| WHAT YOU HAVE TO DO |
Start at the first line below and write out everything verbatim except the pictures.

| SOURCE DATA |
----------------------------------------
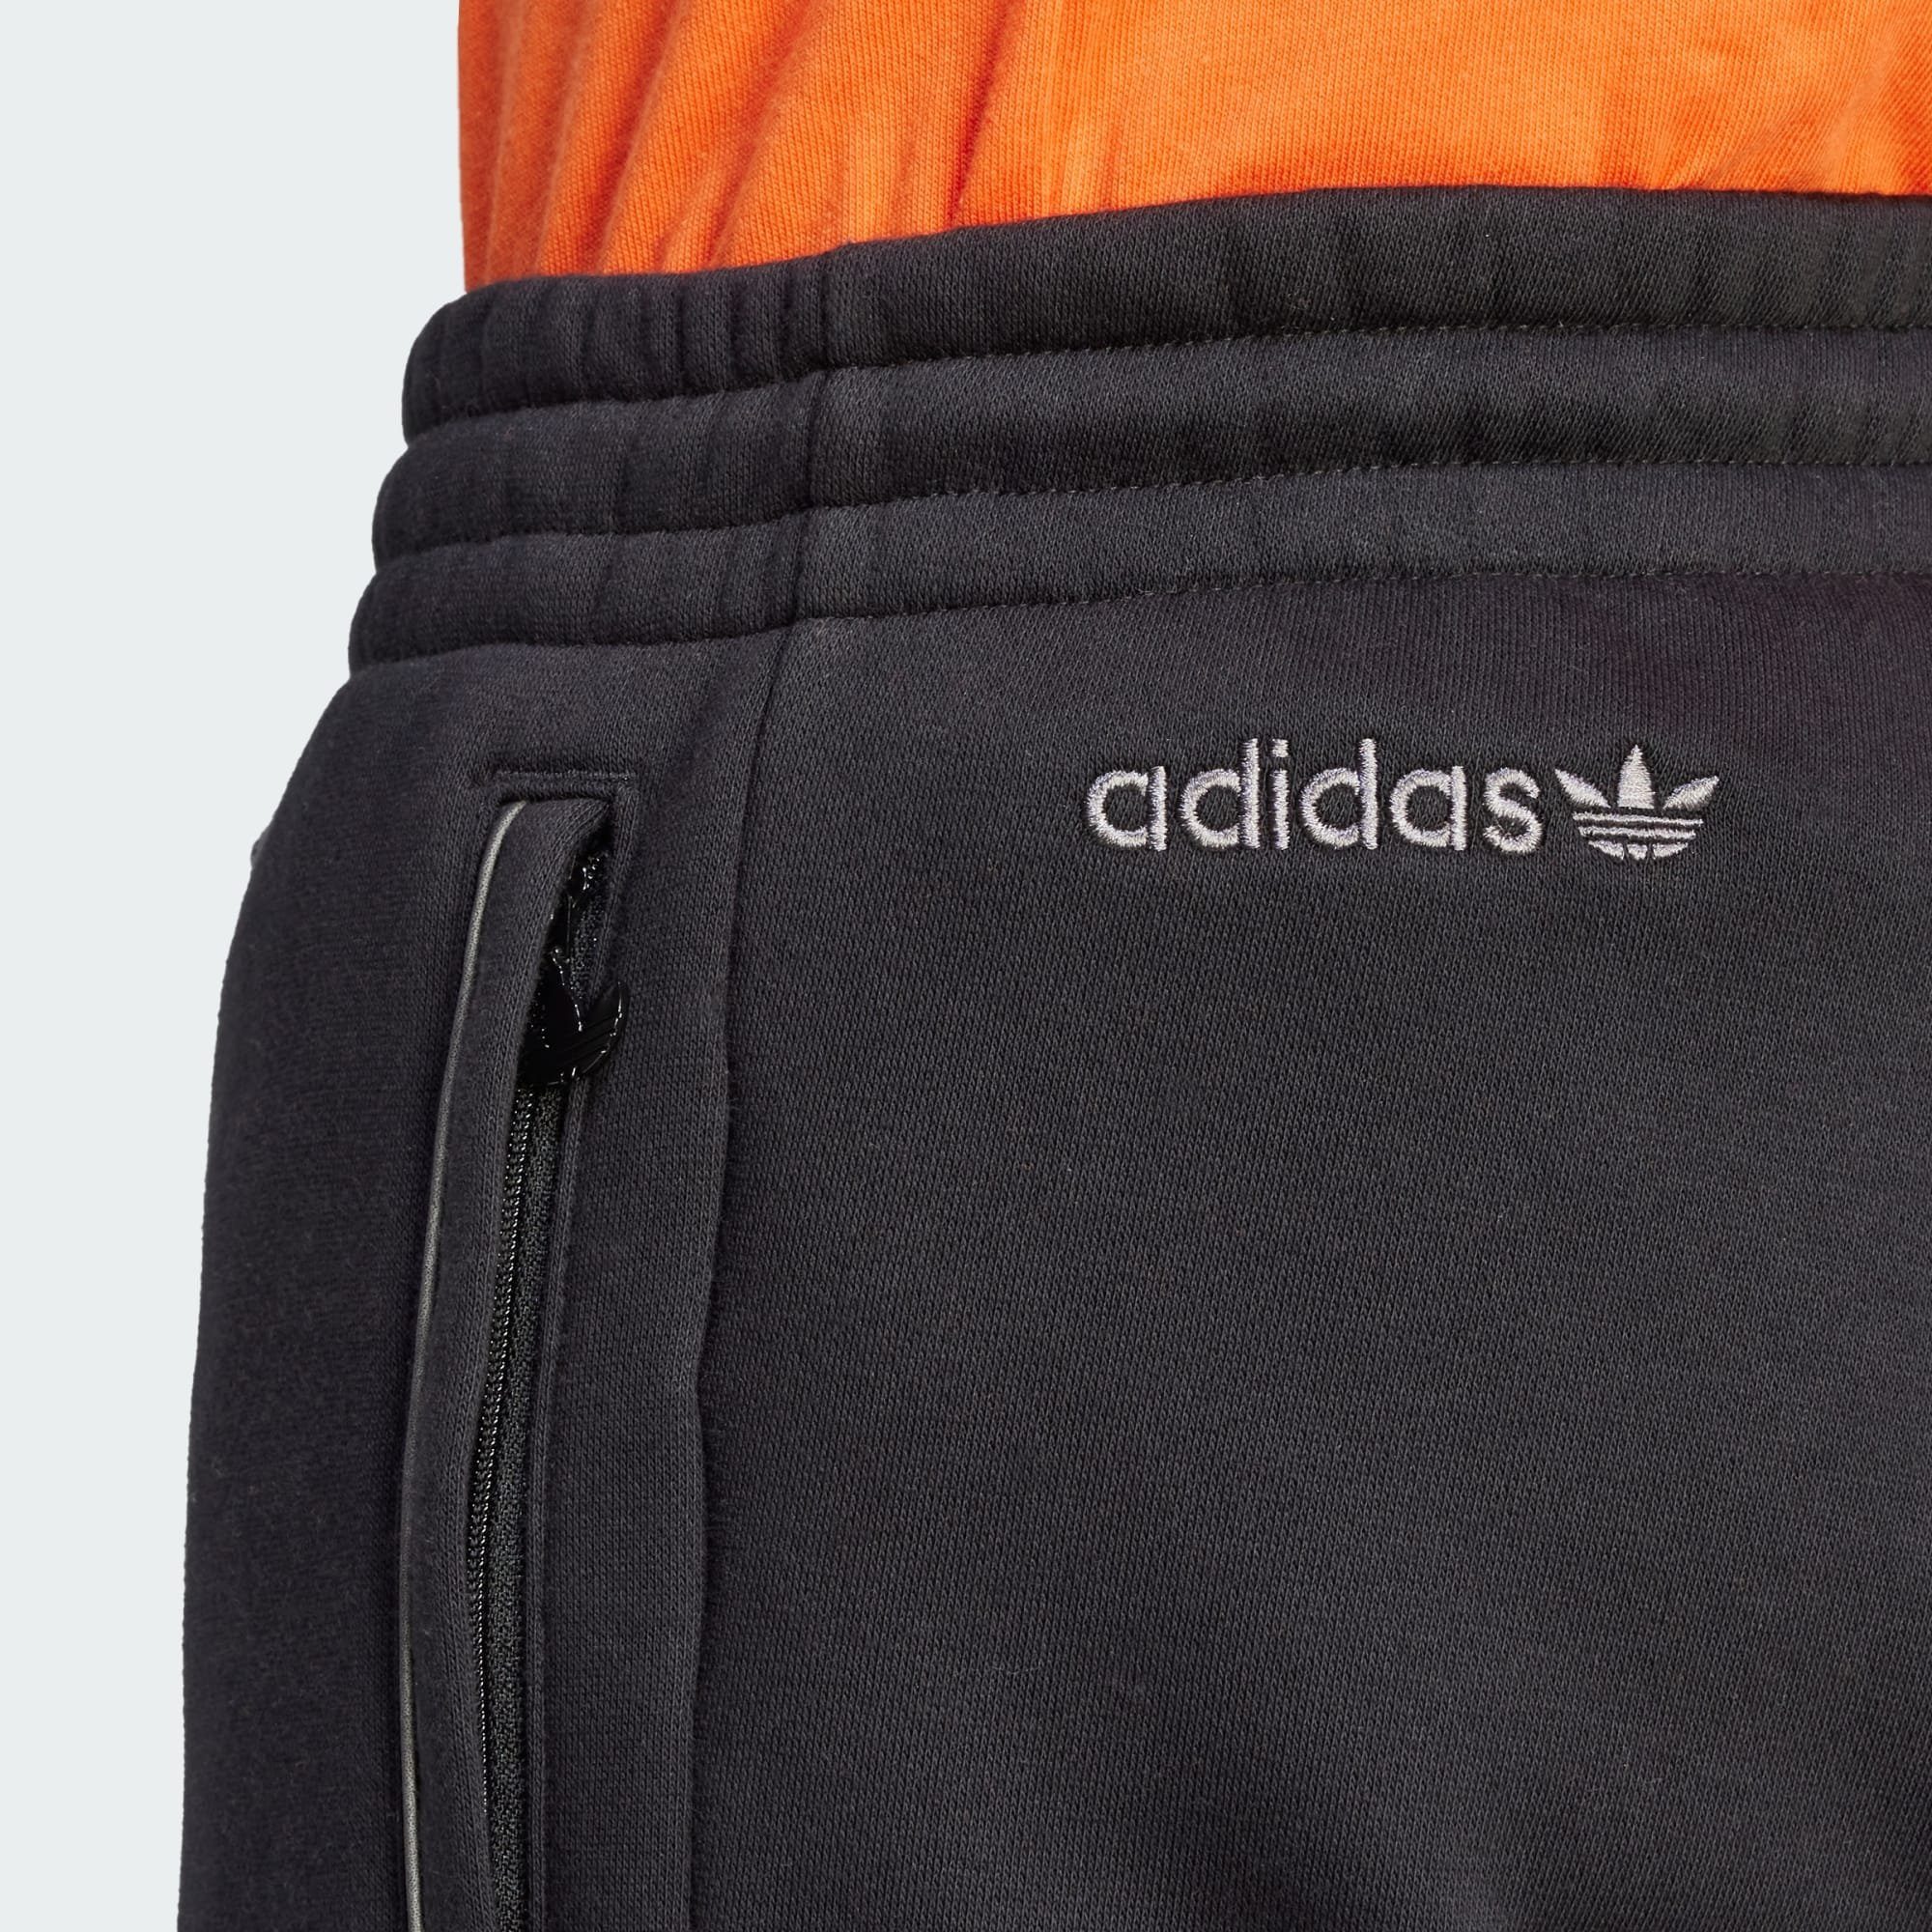 adidas Jogginghose SEASONAL REFLECTIVE Black ADICOLOR JOGGINGHOSE Originals
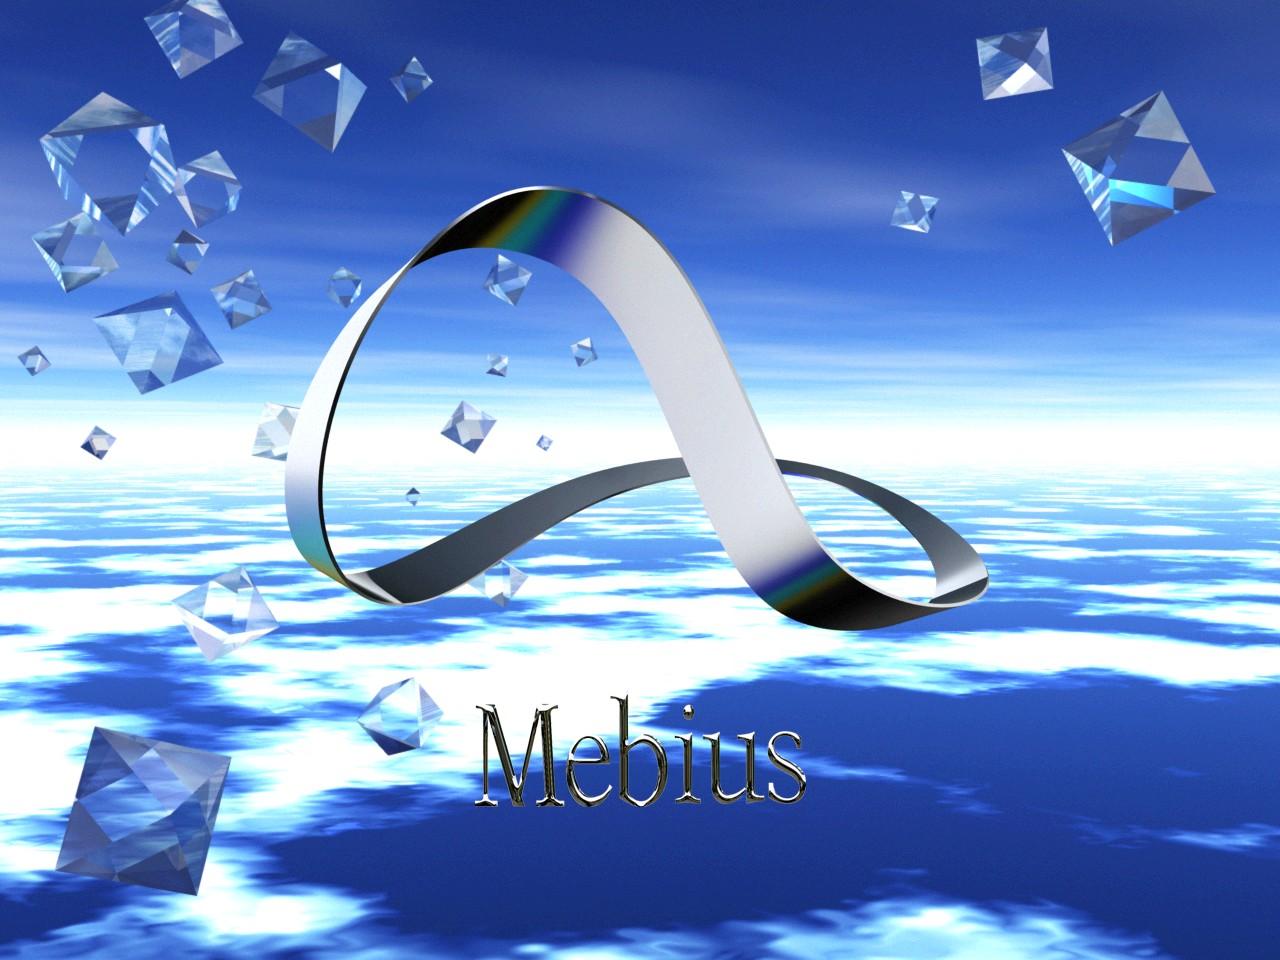 The mebius logo - 2000s
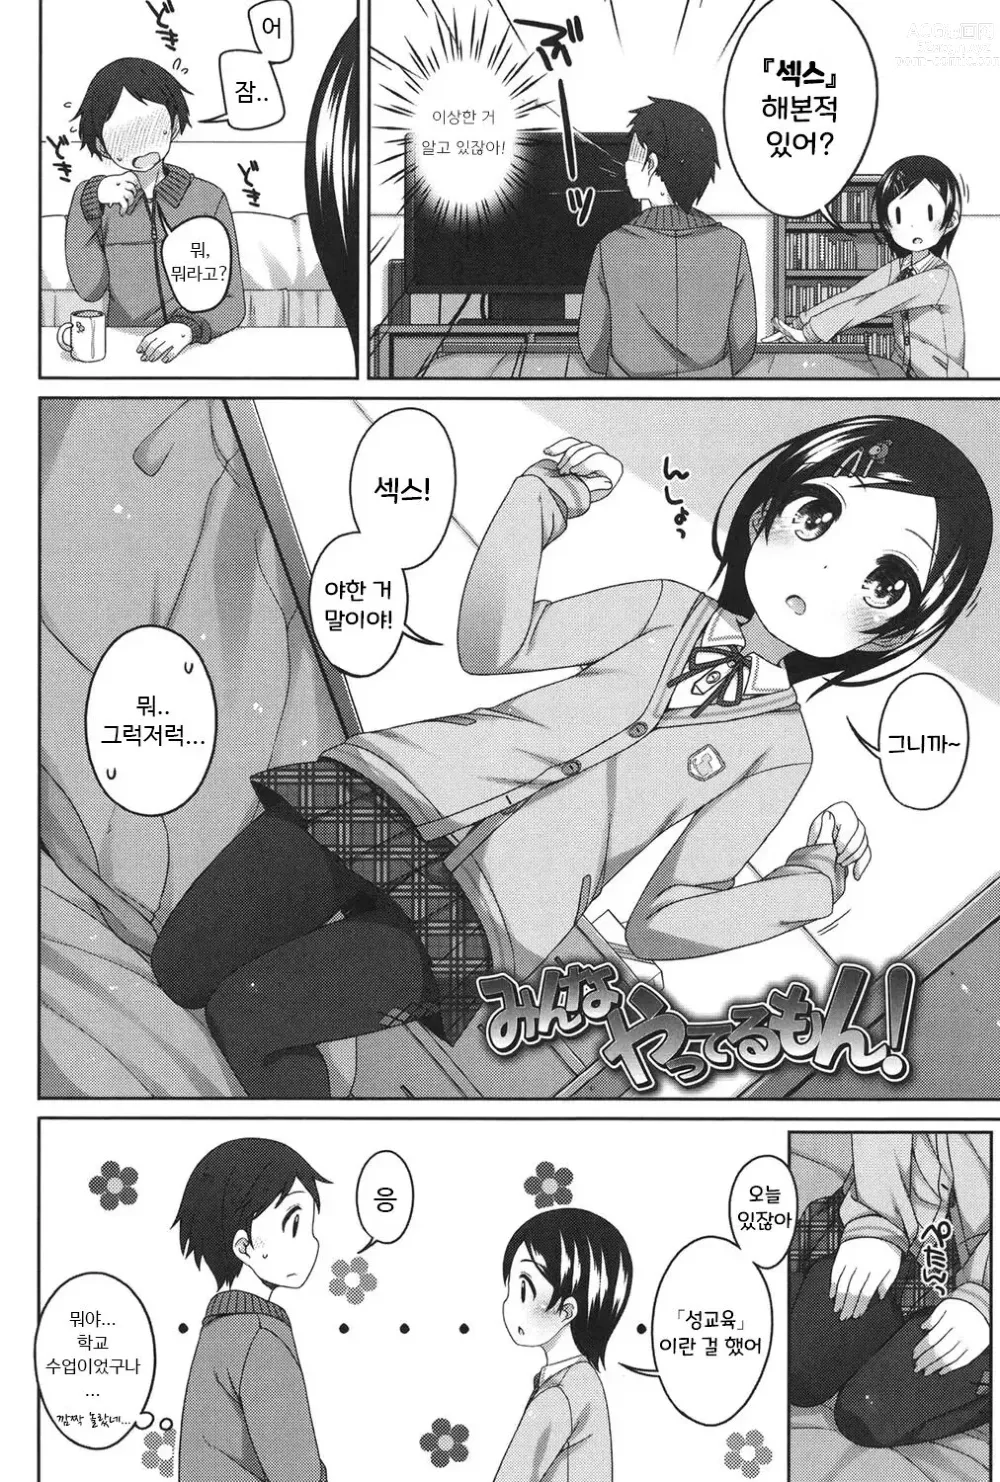 Page 2 of manga Minna Yatteru mon!
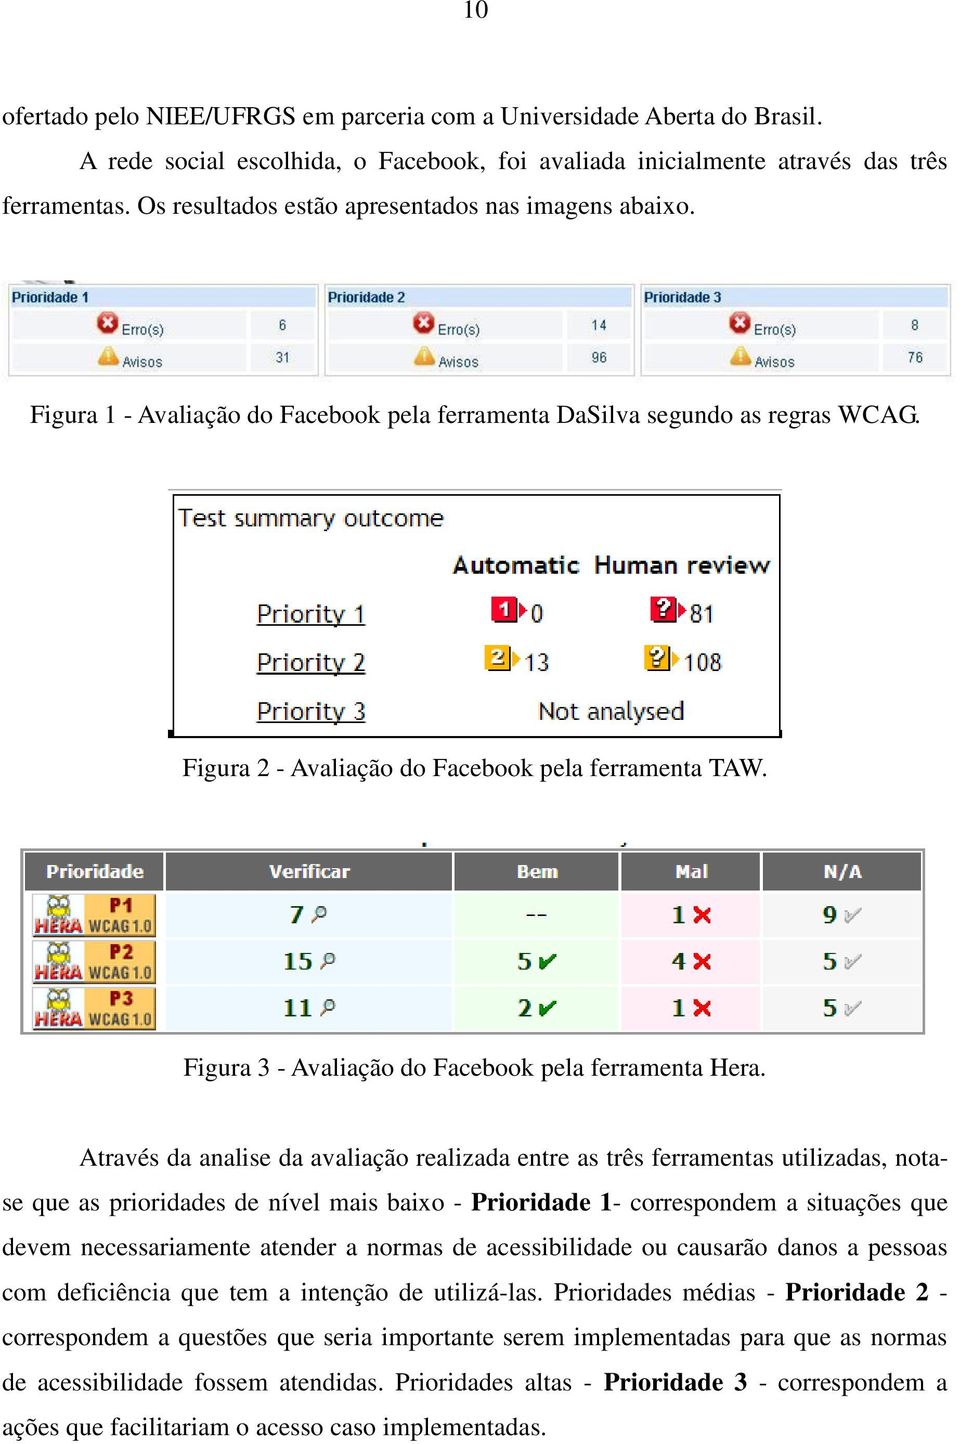 Figura 3 - Avaliação do Facebook pela ferramenta Hera.
----------------------------------------
| WRITTEN SOLUTION |
 adidas Jogginghose SEASONAL REFLECTIVE Black ADICOLOR JOGGINGHOSE Originals
 The mebius logo - 2000s
 Page 2 of manga Minna Yatteru mon!
 Figura 3 - Avaliação do Facebook pela ferramenta Hera.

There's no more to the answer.